Collected material -
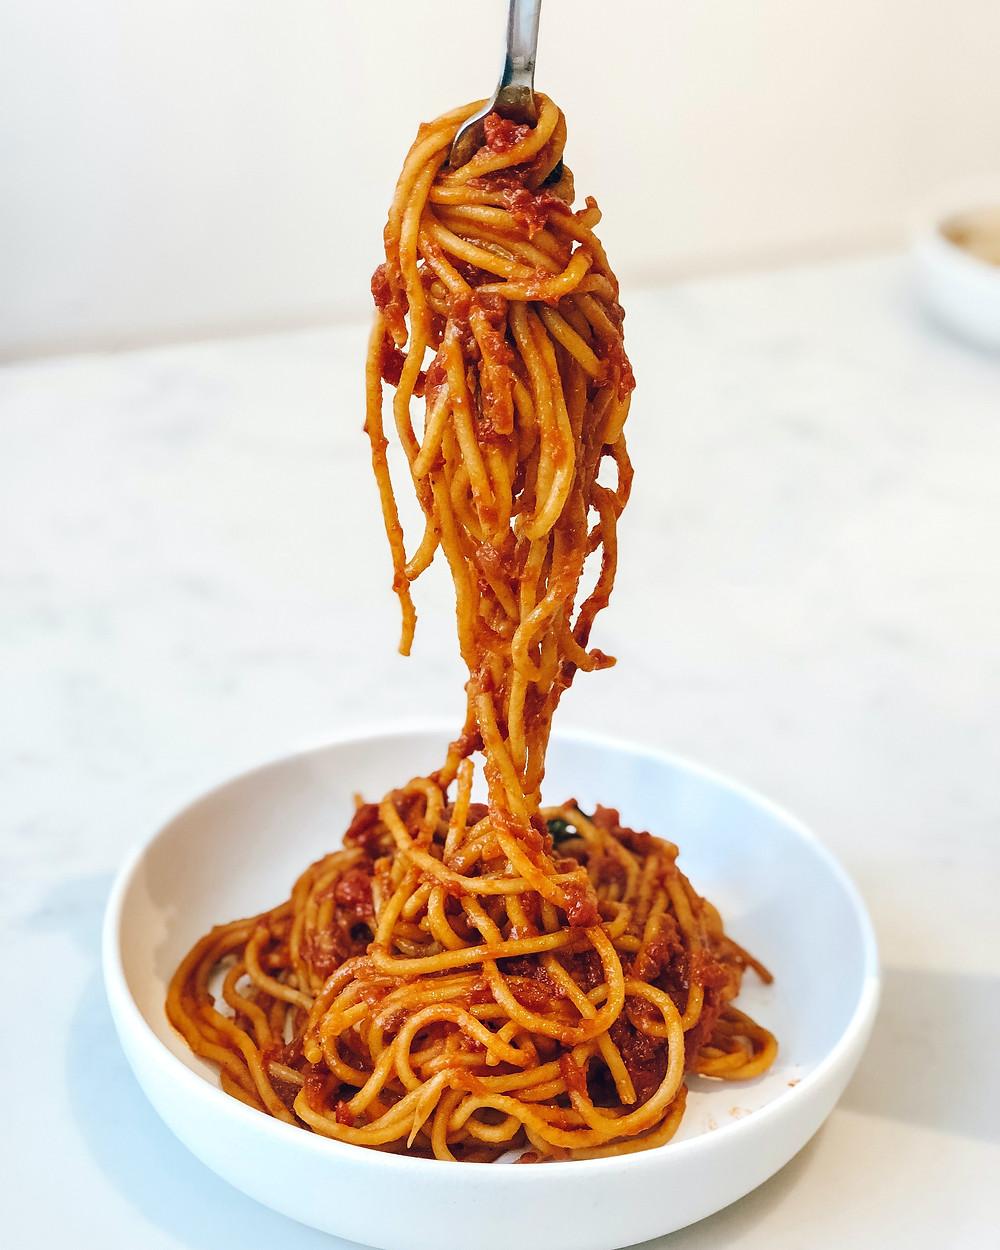 spaghetti in a bowl / fully grown
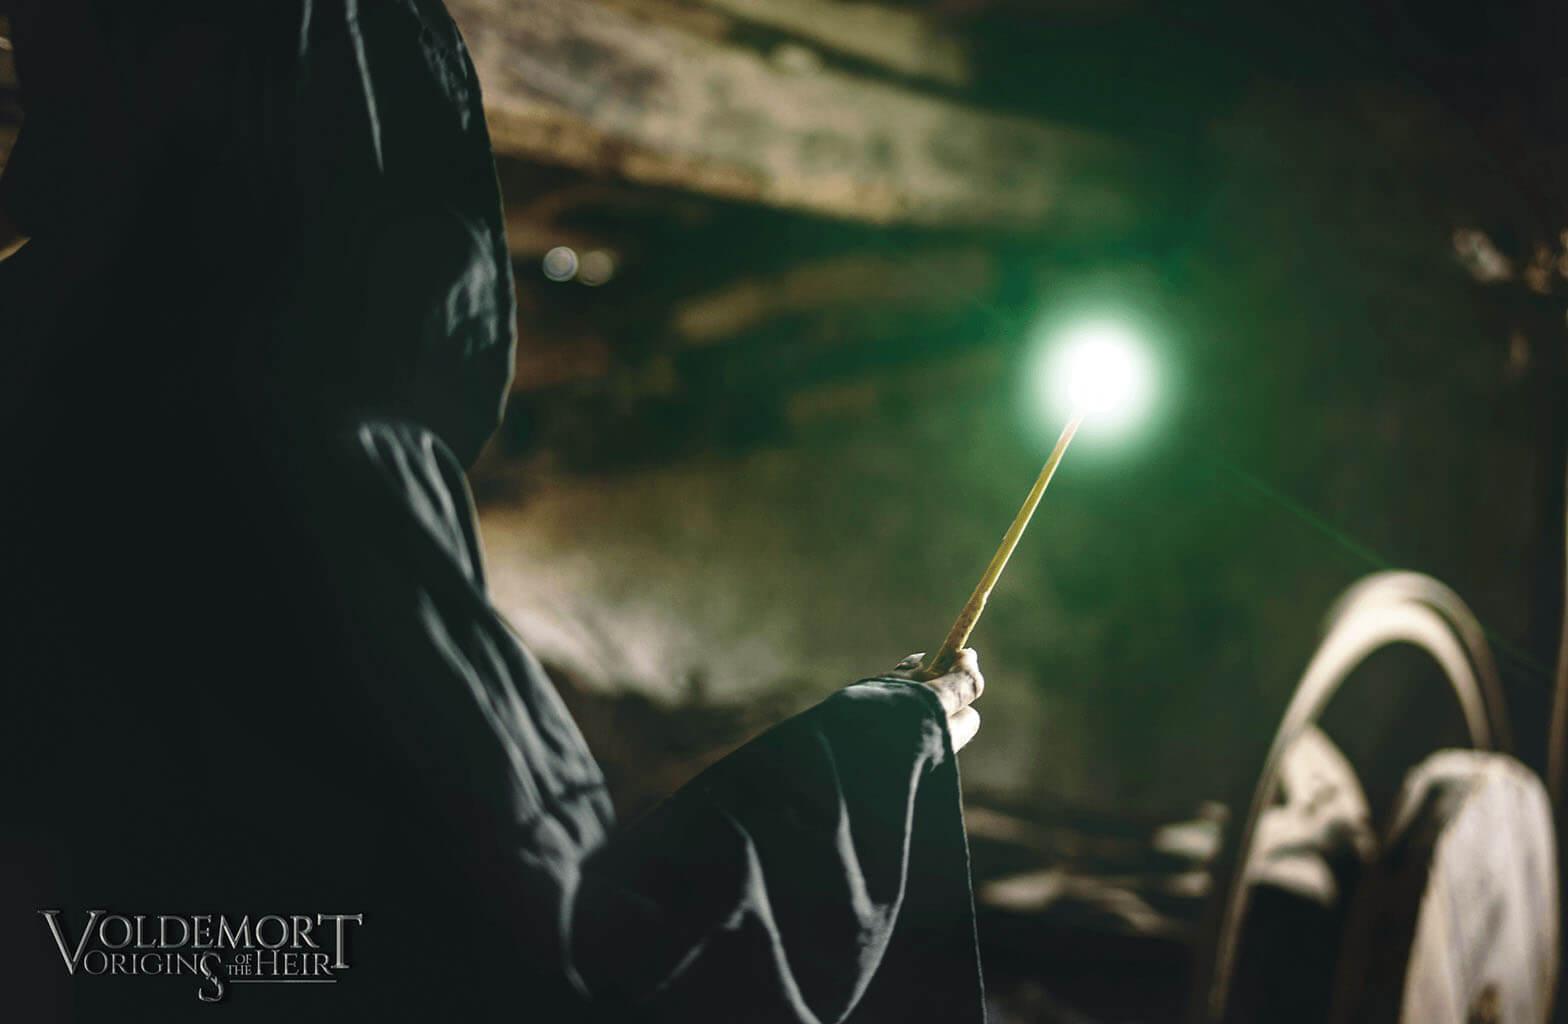 Voldemort, Origins of the Heir paralizó internet — El trailer
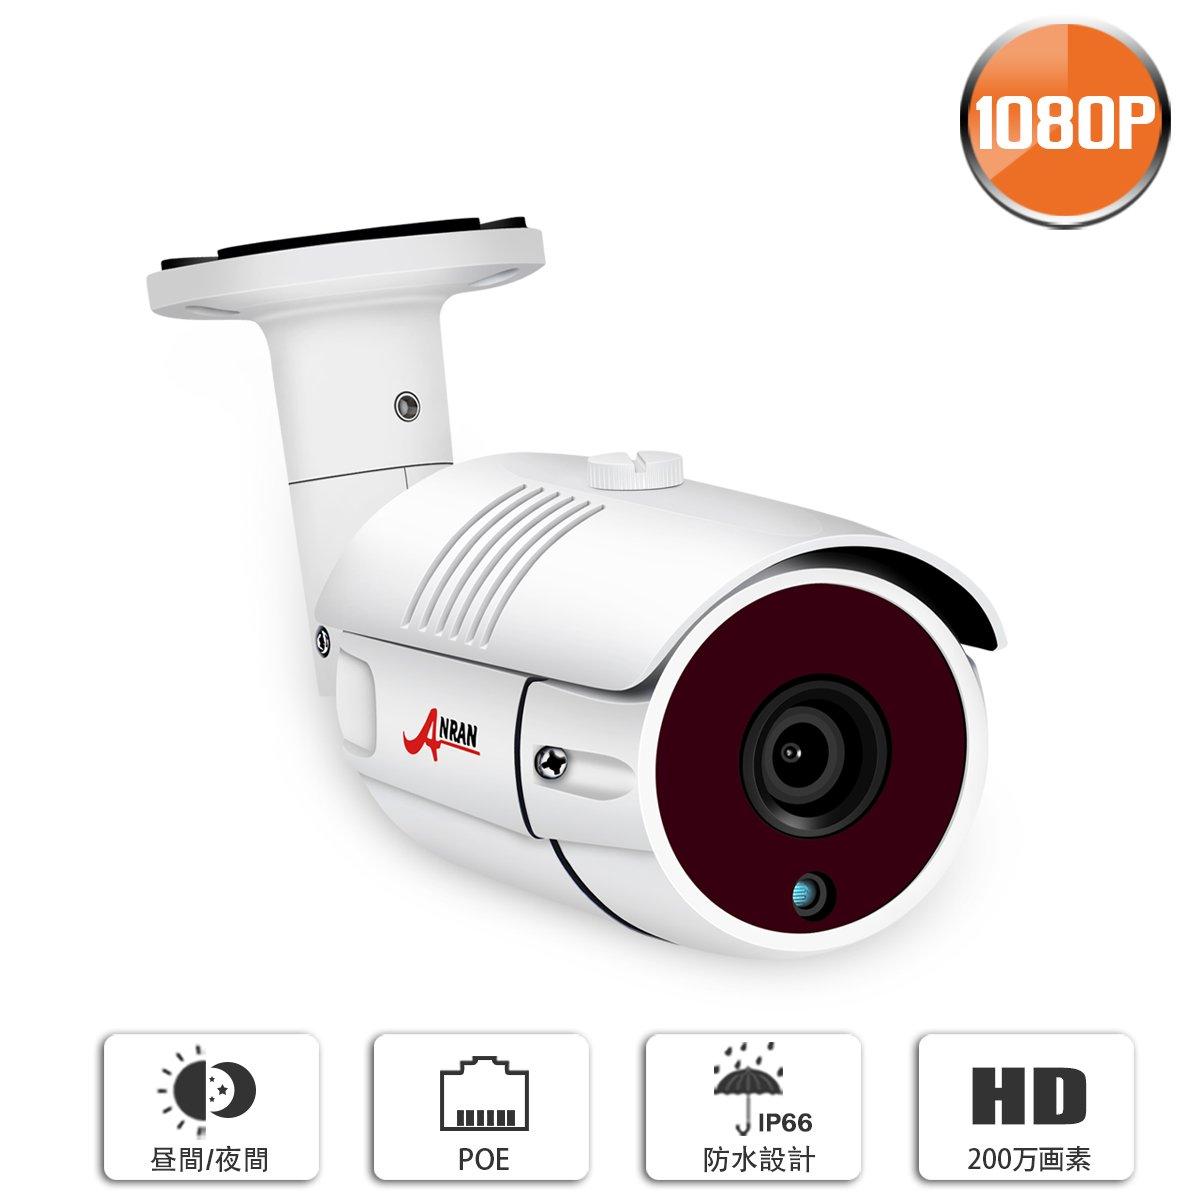 ANRAN POEカメラ 200万画素 防犯カメラ 屋内/屋外 ネットワークカメラ 暗視撮影 cctv ナイトビジョン 遠隔監視 スマホpc対応 IP66 防水カメラ カメラ一台 国内サービス拠点に予備品を完備 B077928W6Z POEカメラ 単体 POEカメラ 単体
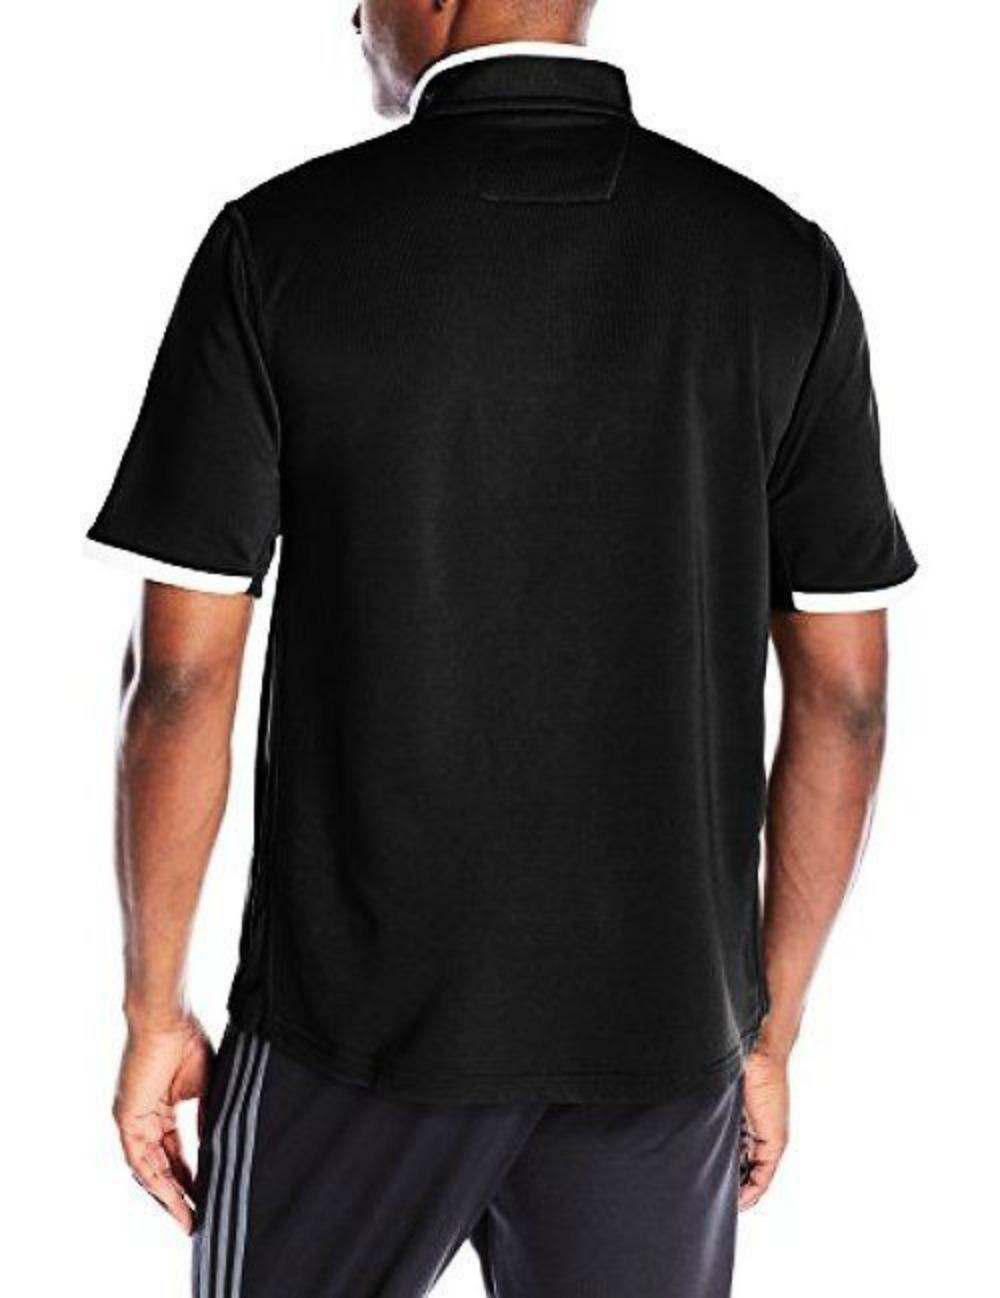 Adidas Men's Climalite Shockwave Short Sleeve 1/4 Zip Jacket ...

Problem requirements - Print out the material verbatim, skipping pictures.

Task response -
 spaghetti in a bowl / fully grown
 Voldemort, Origins of the Heir paralizó internet — El trailer
 ANRAN POEカメラ 200万画素 防犯カメラ 屋内/屋外 ネットワークカメラ 暗視撮影 cctv ナイトビジョン 遠隔監視 スマホpc対応 IP66 防水カメラ カメラ一台 国内サービス拠点に予備品を完備 B077928W6Z POEカメラ 単体 POEカメラ 単体
 Adidas Men's Climalite Shockwave Short Sleeve 1/4 Zip Jacket ...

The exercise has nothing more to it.